Although some progress has been made Hollywood continues to have a representation problem — especially when it comes to behind the camera. Some of the industry's top-grossing films are lacking in female directors, and those involved in creating and starring in television and film productions have continued to fight for equality, especially when it concerns the gender pay gap. Now, thanks to the actions of Crazy Rich Asians co-writer Adele Lim, there's renewed attention on the continued pay disparity in Hollywood.
The Hollywood Reporter reports that Lim, who co-wrote the first Crazy Rich Asians movie, stepped down from her job on the film's planned sequel after she discovered that her male counterpart working on the film made a reported eight to ten times more than her. Lim did not confirm her pay with The Hollywood Reporter, but sources told the publication that first offers for Lim were $110,000-plus, while offers for her male co-writer, Peter Chiarelli, were $800,000 to $1 million.
"Being evaluated that way can't help but make you feel that is how they view my contributions," she told THR. She went on to say that Hollywood often uses women and people of color as "soy sauce," or people hired to only add details of cultural significance.
As THR explained, Chiarelli, who's probably best known for writing the 2009 movie The Proposal, had been hired by Nina Jacobson and Brad Simpson of Color Force to adapt the book of the same name by Kevin Kwan.

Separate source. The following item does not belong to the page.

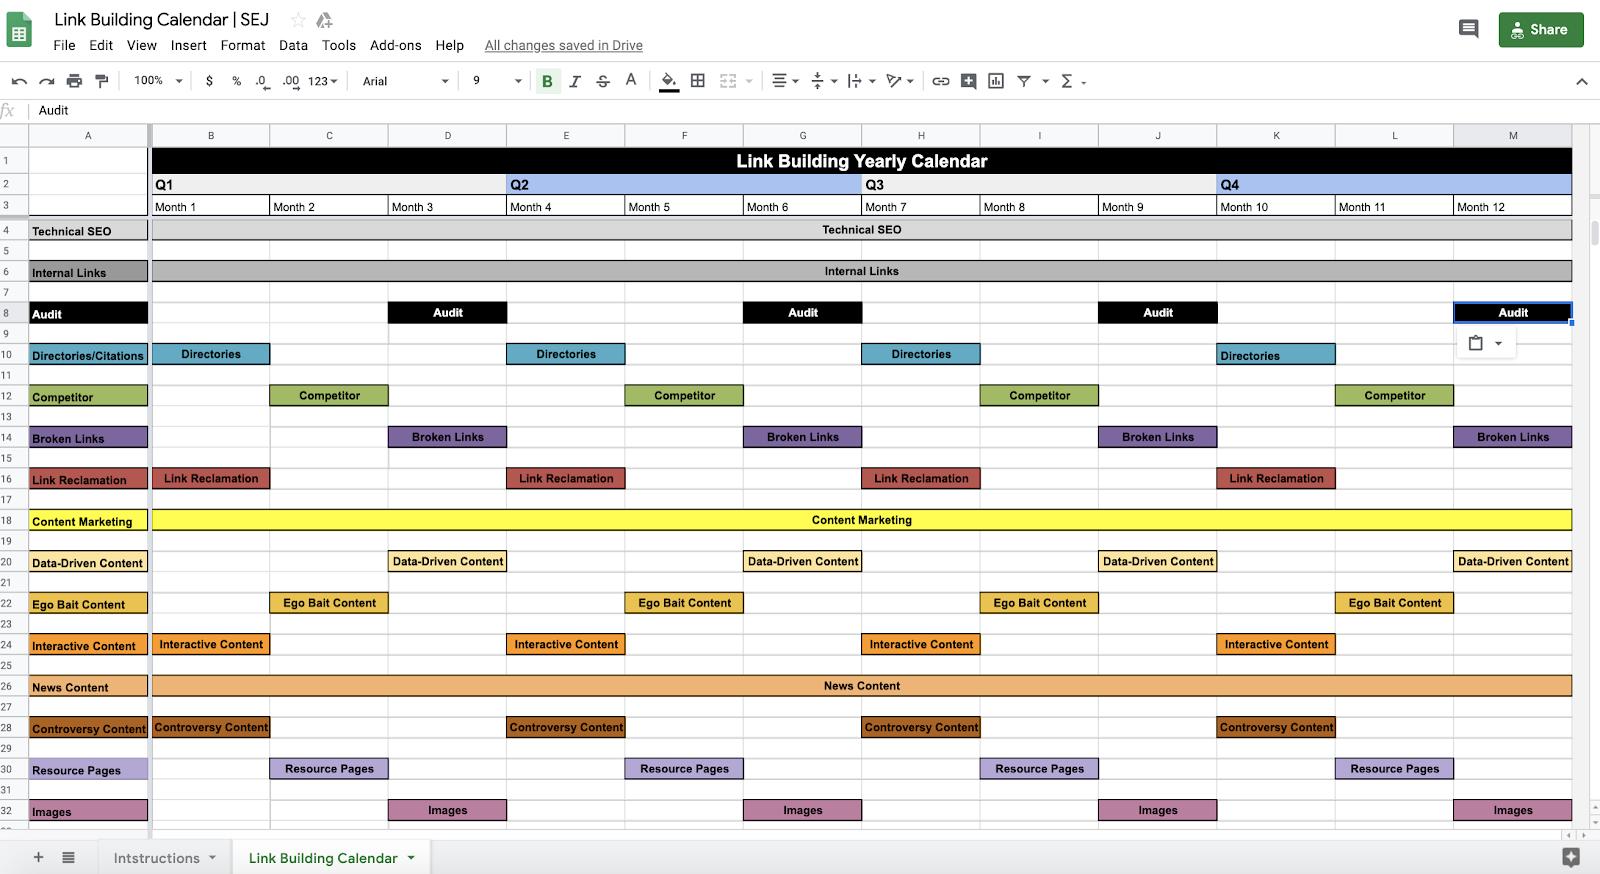 Link Building Calendar

Lim later joined as a co-writer.
Lim reportedly made the decision to walk out on the sequel last fall. According to THR, the studio had attempted to find a replacement of Asian descent for the job for five months after Lim's departure, and when one wasn't found, a salary closer to Chiarelli's was offered to Lim. She declined.
According to Lim, Chiarelli had offered to split his fee with her, but she declined. Lim told THR that Warner Brothers representatives, the studio responsible for Crazy Rich Asians had defended the offer, calling the salary an "industry-standard established ranges based on experience and that making an exception would set a troubling precedent in the business."
Lim told The Hollywood Reporter that she remained concerned about what other non-men working in the industry are being paid, saying, "Pete has been nothing but incredibly gracious, but what I make shouldn't be dependent on the generosity of the white-guy writer. If I couldn't get pay equity after CRA, I can't imagine what it would be like for anyone else, given that the standard for how much you're worth is having established quotes from previous movies, which women of color would never have been [hired for]. There's no realistic way to achieve true equity that way."
Teen Vogue has reached out to Warner Bros. for comment.